My fingers tightened around the delicate stem of the wine glass until I feared it might snap.

“That is my nightmare,” I whispered. “That I’ll wake up one day and realize I spent my entire life trying to undo what Susan did to Sam. It terrifies me, Dana. Because she will never change. She’s incapable of seeing the bruise she leaves on people.”

“They never admit they’re wrong,” Dana said, a bitter laugh escaping her lips. “They break their children and then act shocked when they collapse.”

I stared into the wine, the liquid reflecting the firelight. The old Robin Williams quote echoed in my mind, no longer just words, but a terrifying reality: The worst thing in life isn’t ending up all alone. It’s ending up with people who make you feel all alone.

I looked at Dana, then at the snow piling up outside. The fourth generation was coming. New babies were on the way. Tate and Rachel were getting married. If I didn’t break the cycle now, the avalanche would bury them, too.

When I got home, the house was quiet. Sam was sprawled on the black leather Eames chair and ottoman, feet up, eyes closed. He looked exhausted, the lines around his eyes deep shadows in the dim light.

“Do you think your parents deserve an invitation?” I asked.

He didn’t open his eyes. “I don’t know. They’re his grandparents. But the thought of them sitting there, smiling like everything is fine… it makes me sick.”

Anger flared in my chest—hot and sudden.

“If they can’t come to the table for a single honest conversation,” I said, my voice rising, “if they can’t take one ounce of accountability for years of hell, why do they get the privilege of the front row? Why are we even hesitating?”

Sam opened his eyes. He let out a long, ragged exhale. “It still hurts, Tara. I keep hoping… I hope they realize what they’ve done. I have to try one last time.”

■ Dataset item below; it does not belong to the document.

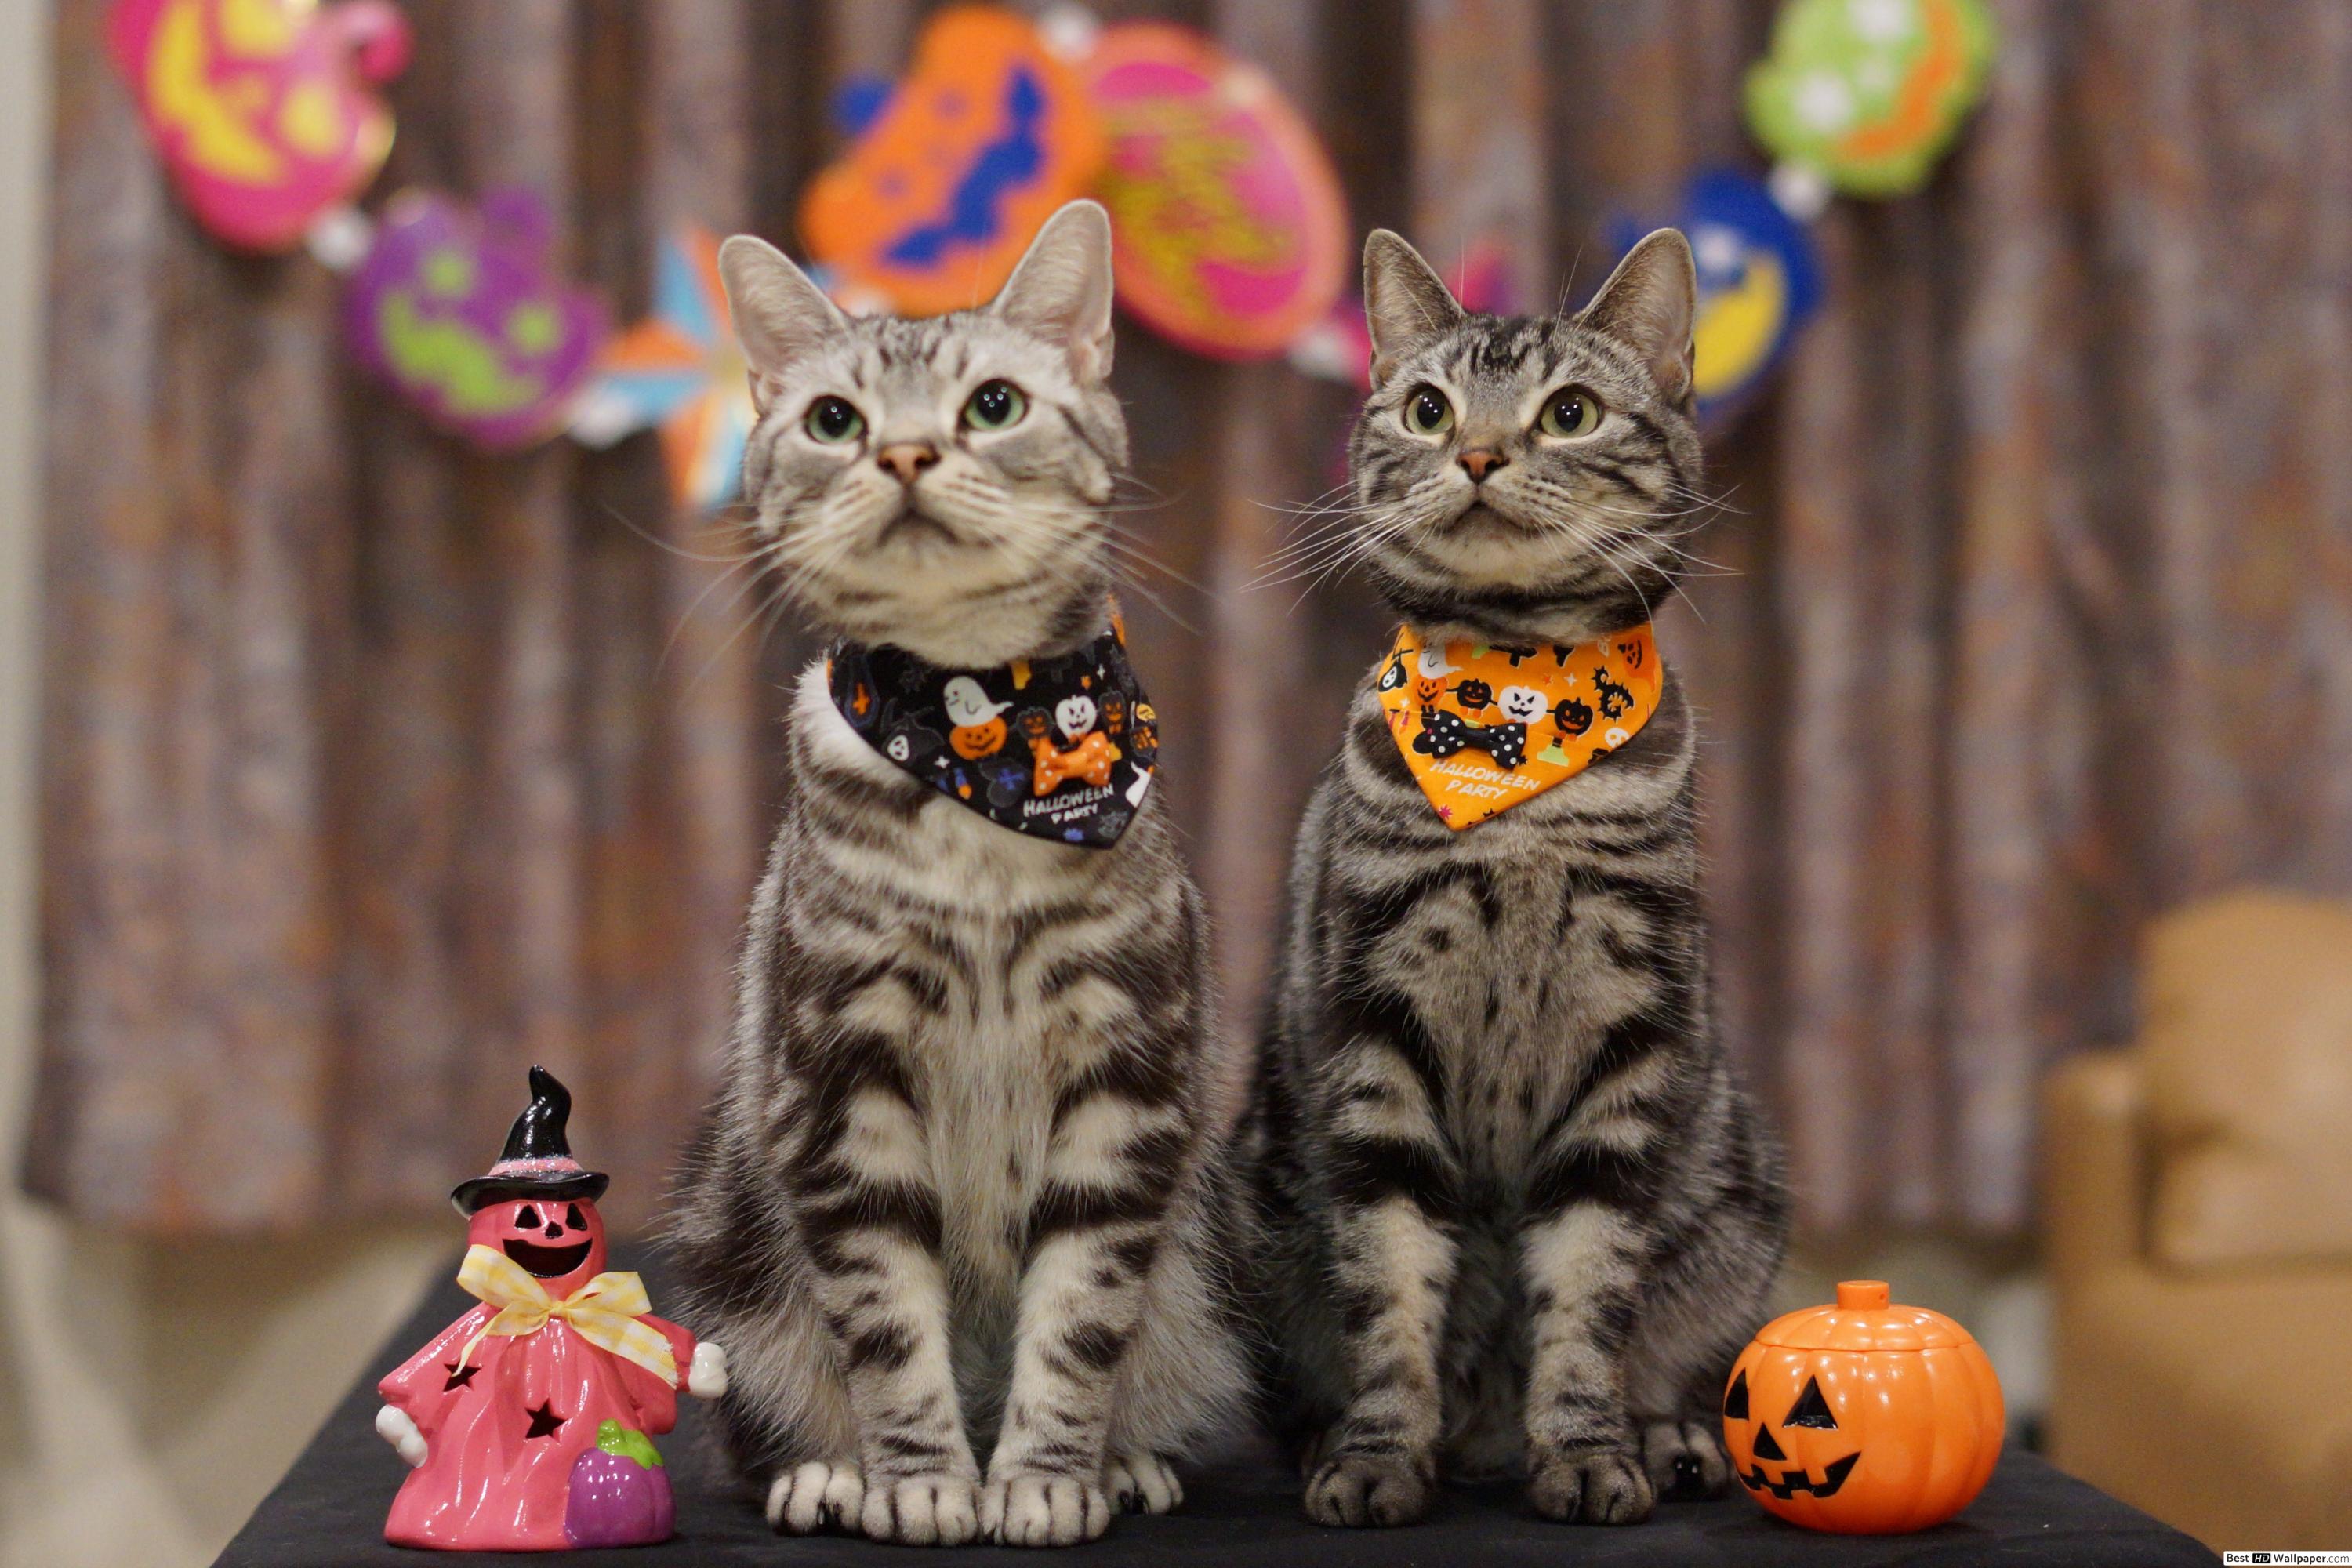 Cats costume to celebrate Halloween HD wallpaper download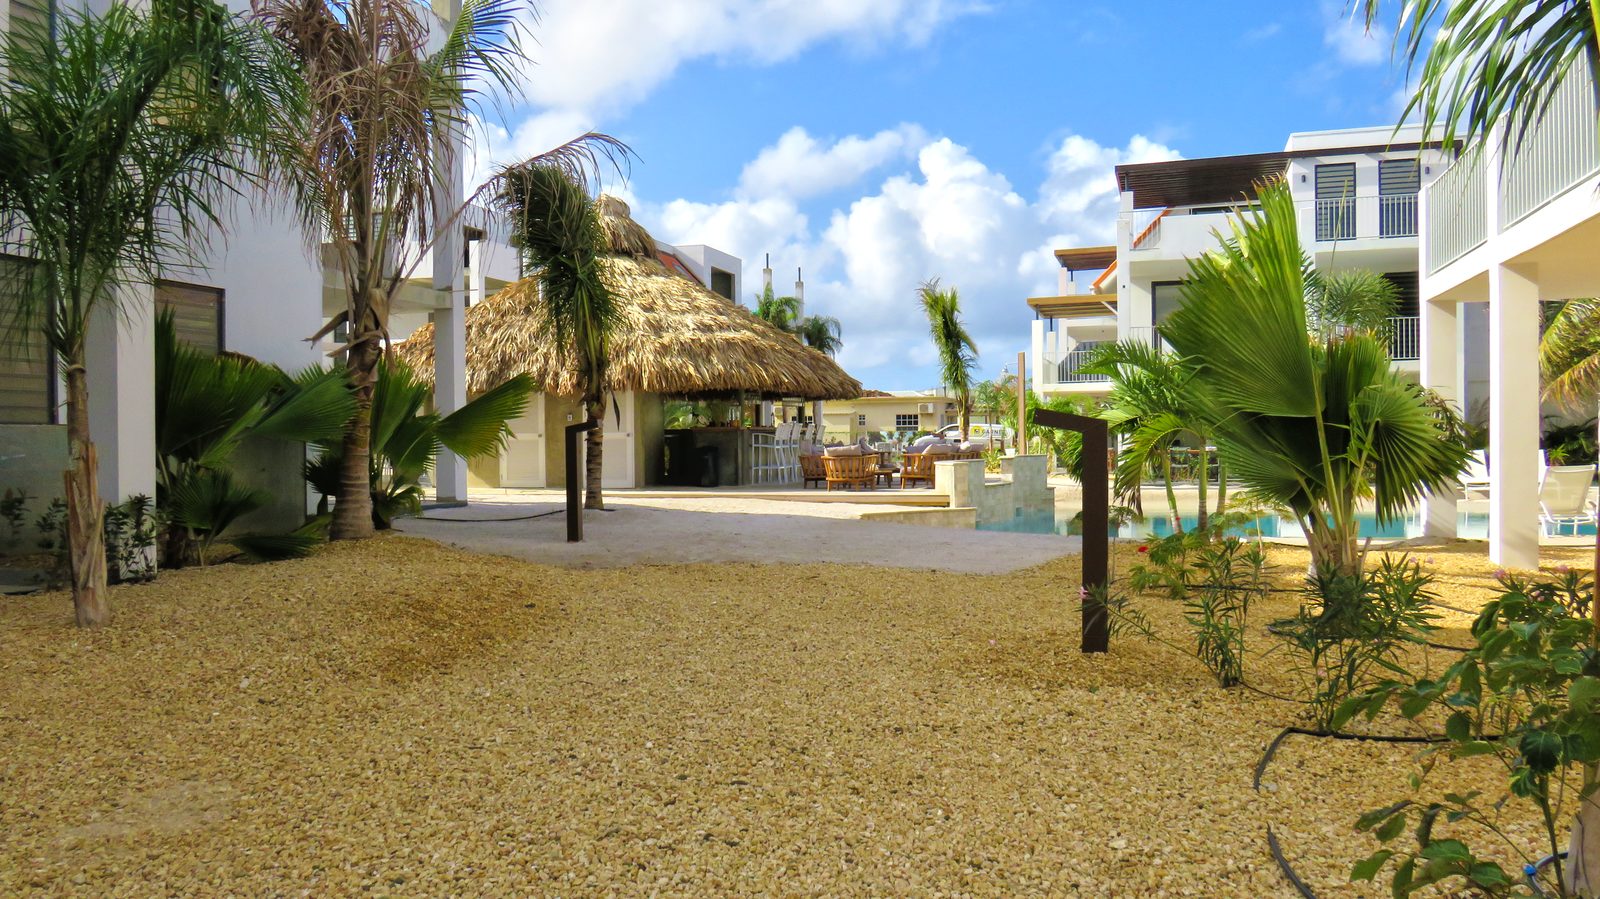 One of the best places to stay on Bonaire, is Resort Bonaire. A good place for couples and families to relax and enjoy.

I wanted to scream. I wanted to shake him. Instead, I turned away and watched as he reached for his iPad.

He typed in silence, the soft tap-tap-tap on the screen the only sound in the room. When he finished, he turned the tablet toward me.

Mom and Dad,

It’s mid-February 2025. I am no longer waiting. My boundaries are as follows:

Mark will work with me on generational planning and succession without your interference. Professional advisors, not family dynamics, will dictate this process.

Tate’s salary must be adjusted to reflect his engineering work over the last two years. The disparity is unacceptable.

In 2010, I was financially punished for trying to establish healthy boundaries. That cycle ends now. I will bring in my attorney if we don’t repair these grievances.

Tate and Rachel’s save-the-date cards are ready. However, without action and actual resolution, there will be no formal invitation. Your presence at his wedding is a privilege, not a guarantee.

You have hurt my family. You have hurt me. And I refuse to allow this cycle to continue.

Healthy systems listen and repair. The choice is yours.

Sam

Sam stared at the screen. His thumb hovered over the send button. His knuckle turned white. This wasn’t just an email; it was a severance of the hope he had clung to for decades.

He pressed it. Sent.

He gripped the iPad, knuckles straining, staring at the blank space where the message had been. The silence stretched, heavy and suffocating.

Chime.

We both jumped.

Sam’s phone lit up on the cushion beside him. He looked at the text, then at me.

For the first time in years, his father was responding.

It wasn’t a resolution. But as Sam reached for the phone, I felt a shift in the air. We were no longer the ones waiting in the hallway, hoping to be let in.

I exhaled, a long, deep release. I didn’t know what was about to be said, but for the first time, I knew we didn’t need their permission to survive it.